== Provided material
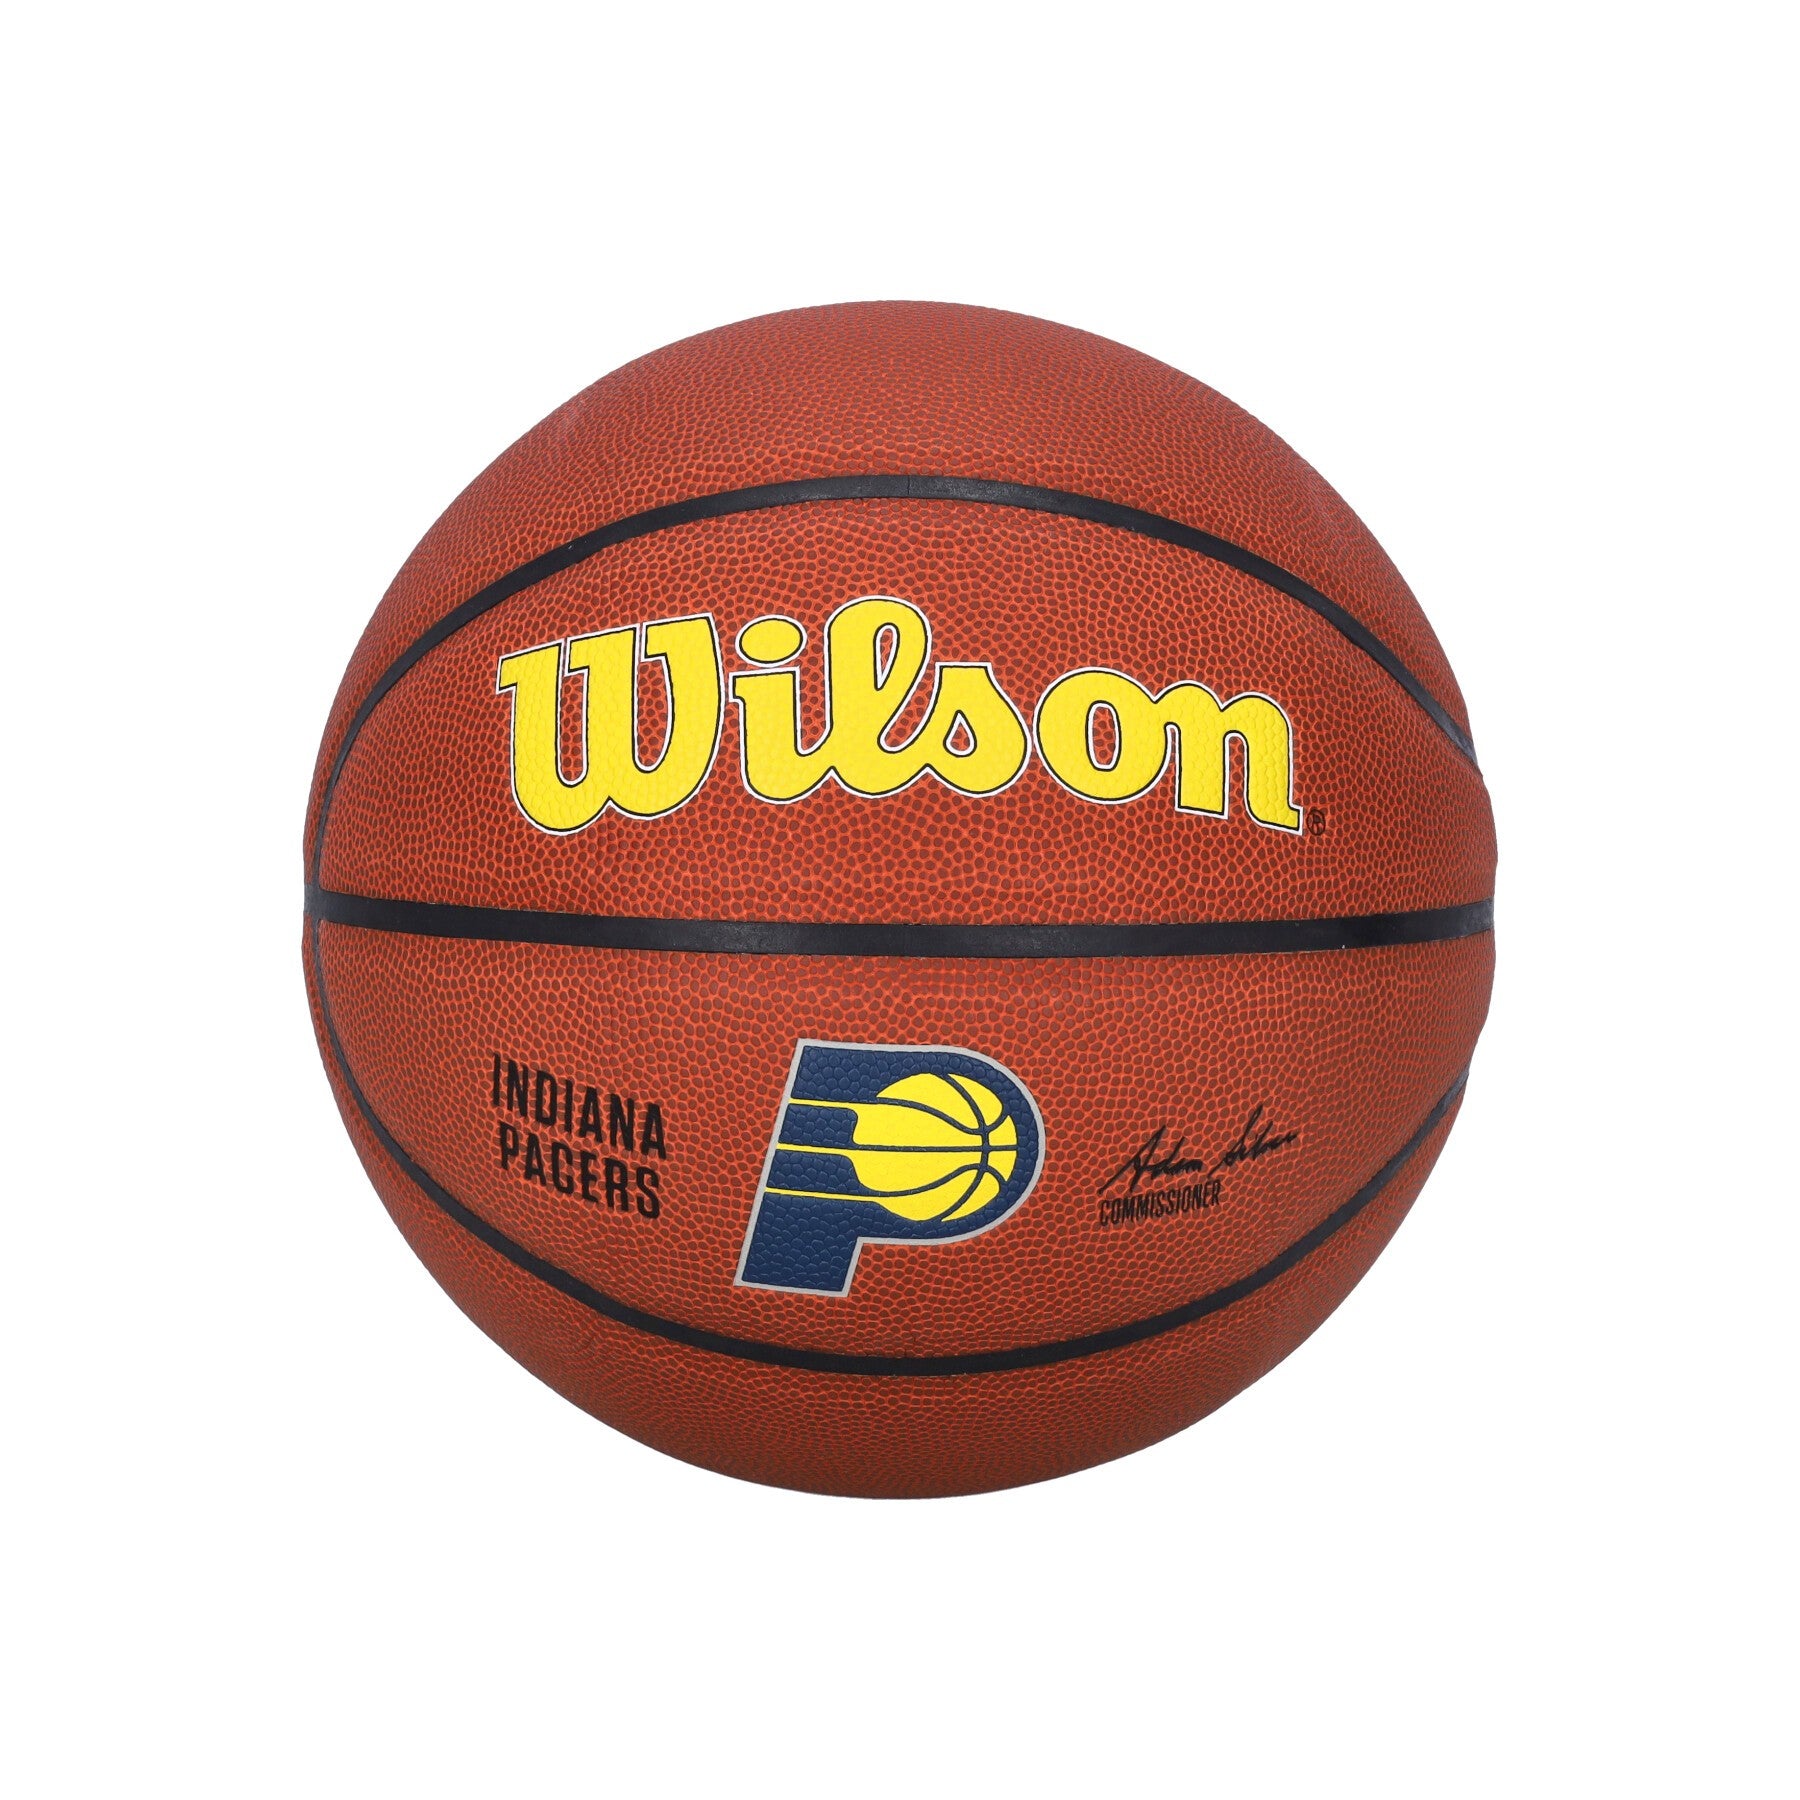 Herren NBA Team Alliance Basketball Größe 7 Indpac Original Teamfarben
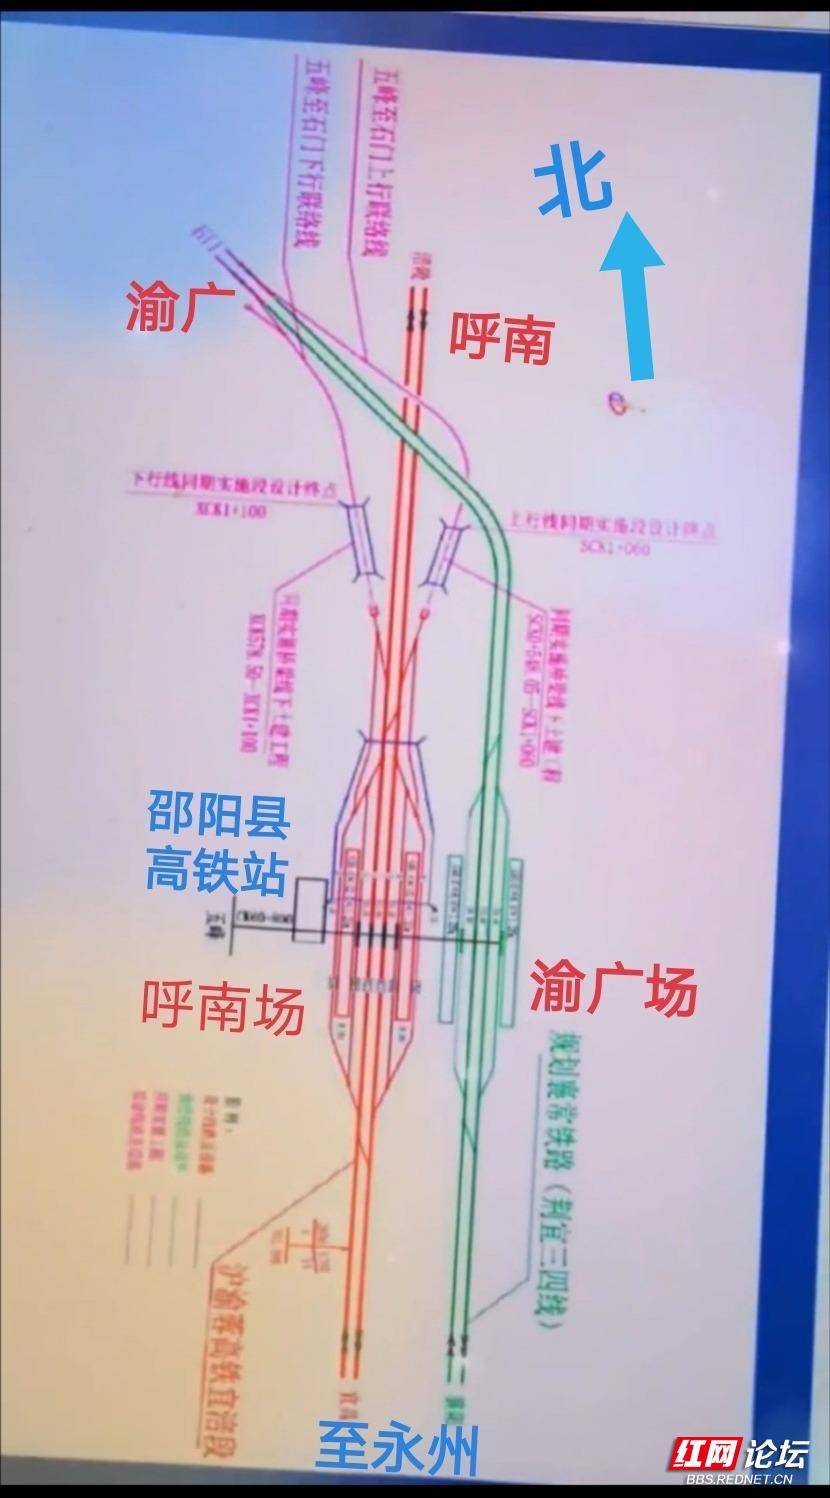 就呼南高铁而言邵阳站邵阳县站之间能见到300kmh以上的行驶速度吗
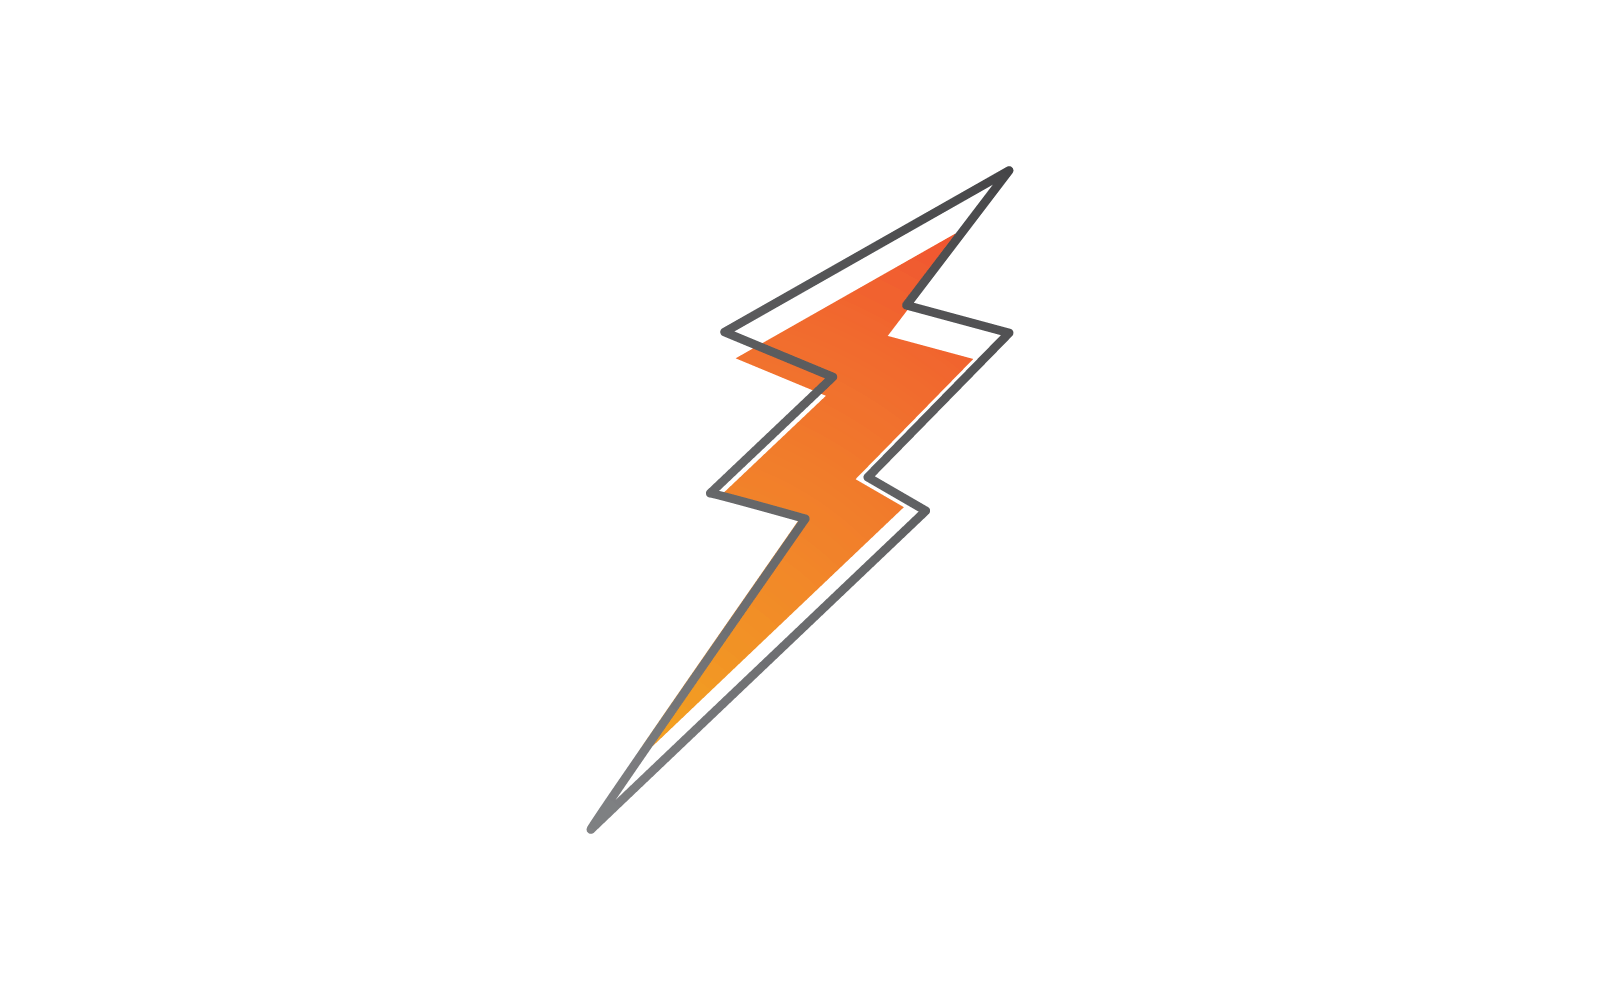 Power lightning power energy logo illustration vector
====
● **Work task**:
Without the pictures, copy the material exactly as given.

● **Your solution**:
 Herren NBA Team Alliance Basketball Größe 7 Indpac Original Teamfarben
 就呼南高铁而言邵阳站邵阳县站之间能见到300kmh以上的行驶速度吗
 Power lightning power energy logo illustration vector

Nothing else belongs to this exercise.